Asteroid That Ended the Dinosaurs Came From Beyond Jupiter, Study Finds
Metal isotopes delivered to Earth by the asteroid reveal it’s consistent with space rocks formed in the outer solar system
Sixty-six million years ago, an enormous asteroid collided with Earth, contributing to a mass extinction event that wiped out all the non-avian dinosaurs. Now, scientists suggest they’ve tracked down the origin of this celestial agent of destruction.
An analysis of metal isotopes scattered from the impact suggests the asteroid traveled from the outer solar system, beyond Jupiter, researchers report Thursday in the journal Science. The authors also looked at five other asteroid impacts and found they were created by space rocks that formed in the inner solar system.
“I find these results very convincing,” Steve Desch, an astrophysicist at Arizona State University, who did not contribute to the findings, tells Scientific American’s Lee Billings. “They dovetail nicely with lots of other evidence.”
“The paper presents a fantastic set of isotope analyses,” David Kring, a scientist at the Lunar and Planetary Institute who originally linked the impact crater to the mass extinction event and was not involved in the new research, says to Live Science’s Sharmila Kuthunur. “You need to understand the origin of objects like this if you’re going to properly assess future hazards.”
Earth has experienced five mass extinctions in its history, including one around 250 million years ago called the “Great Dying,” when all but about 5 percent of life on Earth went extinct. The most recent event is the one that wiped out the dinosaurs.

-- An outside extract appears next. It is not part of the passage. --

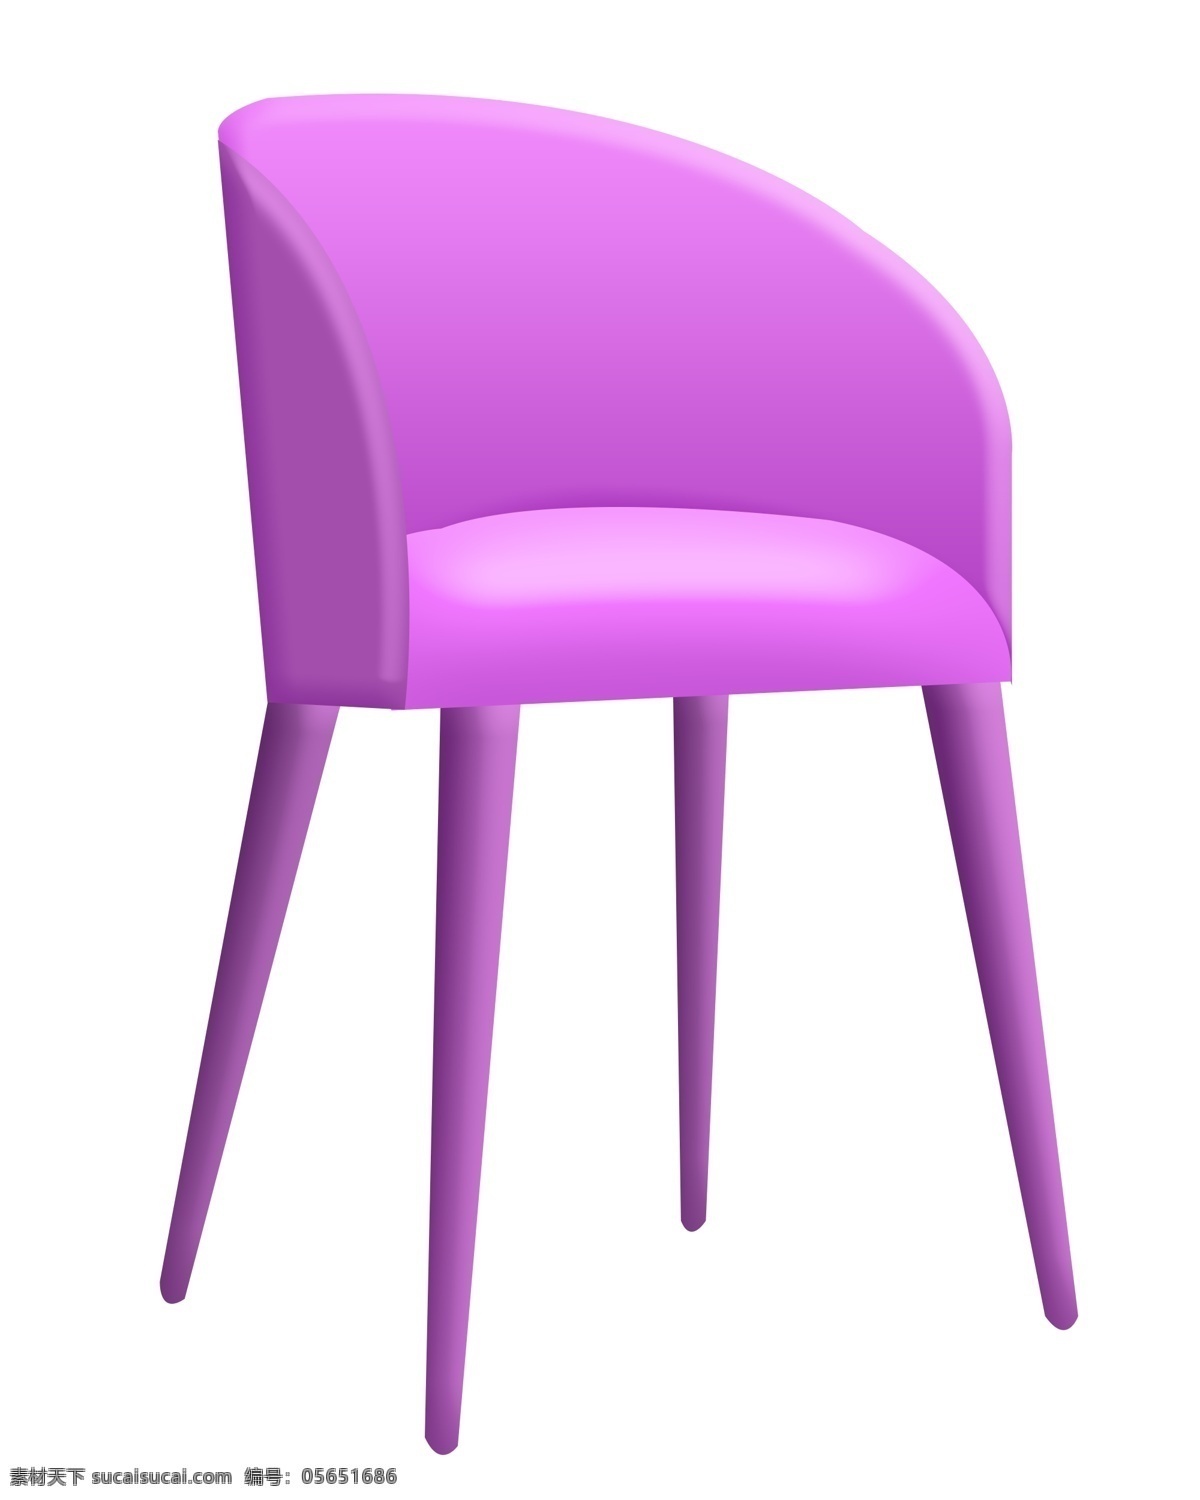 一把 紫色 靠背 椅子 一把椅子 紫色靠背椅子 紫色椅子 铁皮椅子 家具 卡通椅子 紫色椅子插图
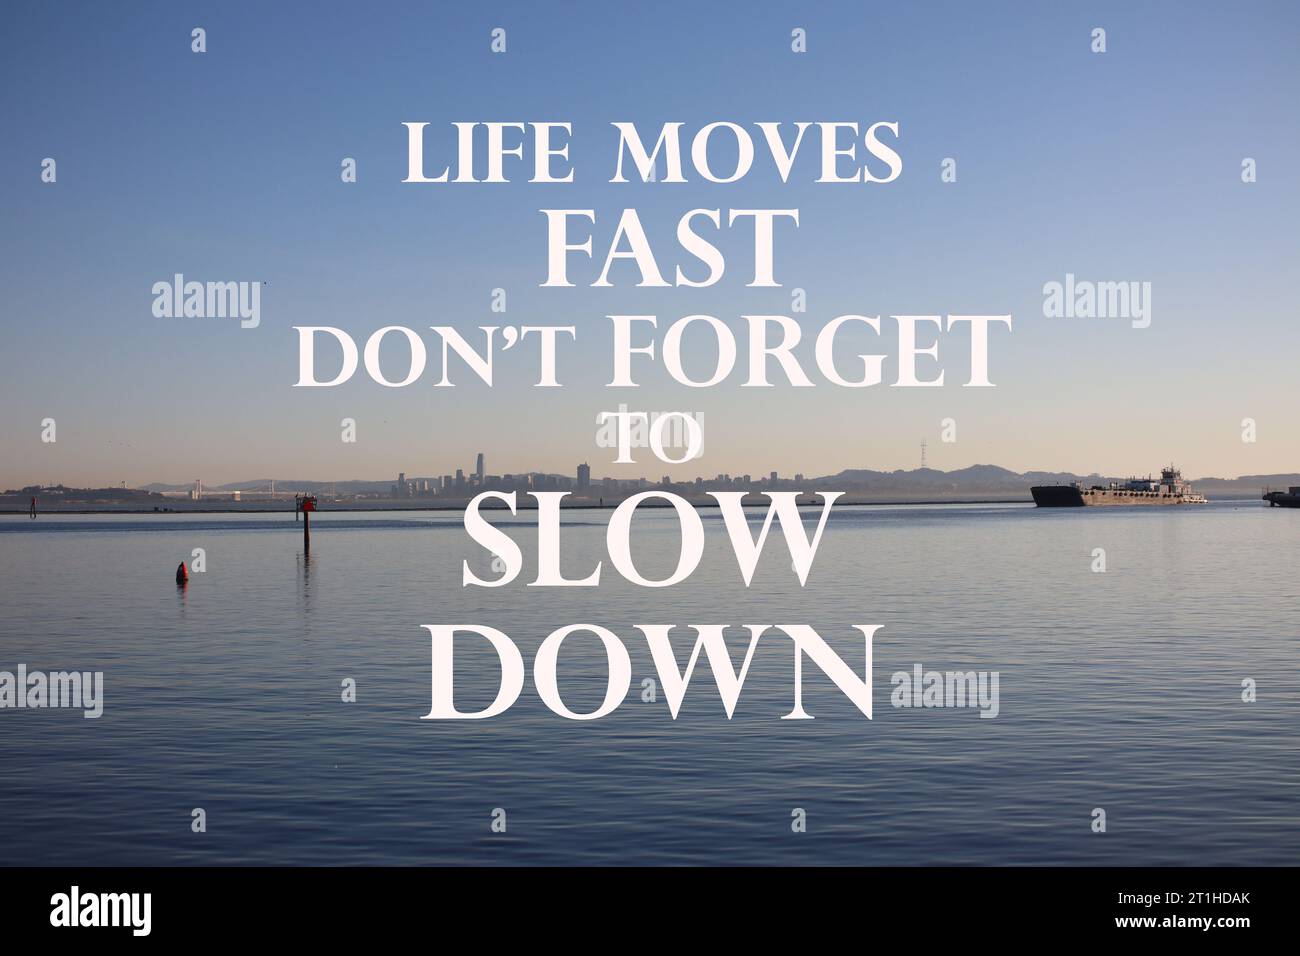 Zitat. Motivierende und inspirierende Zitate – das Leben bewegt sich schnell, vergessen Sie nicht, langsamer zu werden. Stockfoto

The asteroid at fault, known as the Chicxulub impactor, is thought to have been between 6 and 12 miles wide—but due to its high velocity, it formed a crater more than 90 miles across. It was traveling at a speed of 15.5 miles per second and had power equal to 10,000 times the world’s nuclear arsenal, according to NASA. It struck the Earth on the Yucatán Peninsula in present-day Mexico, at what is now called the Chicxulub crater.
After the asteroid hit, around 80 percent of all animal species went extinct. The impact would have shot unfathomable quantities of soot and vapor into the atmosphere, shrouding the world below and triggering a widespread die-off.
“This impact totally changed the picture of our planet and caused the emergence of mammalian life,” Mario Fischer-Gödde, lead author of the new study and a geochemist at the University of Cologne in Germany, tells Scientific American.
Additionally, the impact released metals that settled onto the ground across the planet and are now preserved in a layer of rock that marks when the impact took place. Situated between the Cretaceous and Paleogene eras in the geologic record, it is known as the K/Pg boundary.
One of these metals is ruthenium, which is rare on Earth but common in meteorites, according to a statement. The relative amount of ruthenium isotopes in an asteroid depends on where it comes from in space, according to Science News’ Carolyn Gramling. So, the team examined levels of ruthenium’s seven isotopes at the K/Pg boundary to find the “signature” for where the Chicxulub asteroid originated.
“The idea for this study was born on the rationale that if different types of meteorites can be distinguished according to their ruthenium isotope compositions, and if the enrichment of elements such as ruthenium in the boundary layer is of extraterrestrial origin, the ruthenium isotope data from the boundary layer samples would provide information on the type of impactor,” Fischer-Gödde tells National Geographic’s Riley Black.
Scientists took samples from various sites at the K/Pg boundary, as well as five other impact locations. They found that the boundary samples had ruthenium isotope signatures similar to carbon-rich meteorites that form in the outer solar system, suggesting the infamous asteroid came from out there as well. The other impact sites were more consistent with asteroids from the inner solar system, which have more silicate minerals.
The paper’s “interpretation is not new,” Richard J. Walker, a geochemist at the University of Maryland who did not contribute to the findings, tells Scientific American. “But this study presents a much more ironclad determination that the Chicxulub impactor was a carbonaceous asteroid.”
It also suggests the impactor was not a comet, as some researchers had previously hypothesized. The study supports prior evidence that the strike was indeed caused by an asteroid and “does a really good job of kind of nailing that home,” Sean Gulick, a geophysicist at the University of Texas at Austin who was not involved in the work, says to Nature News’ Michael Marshall.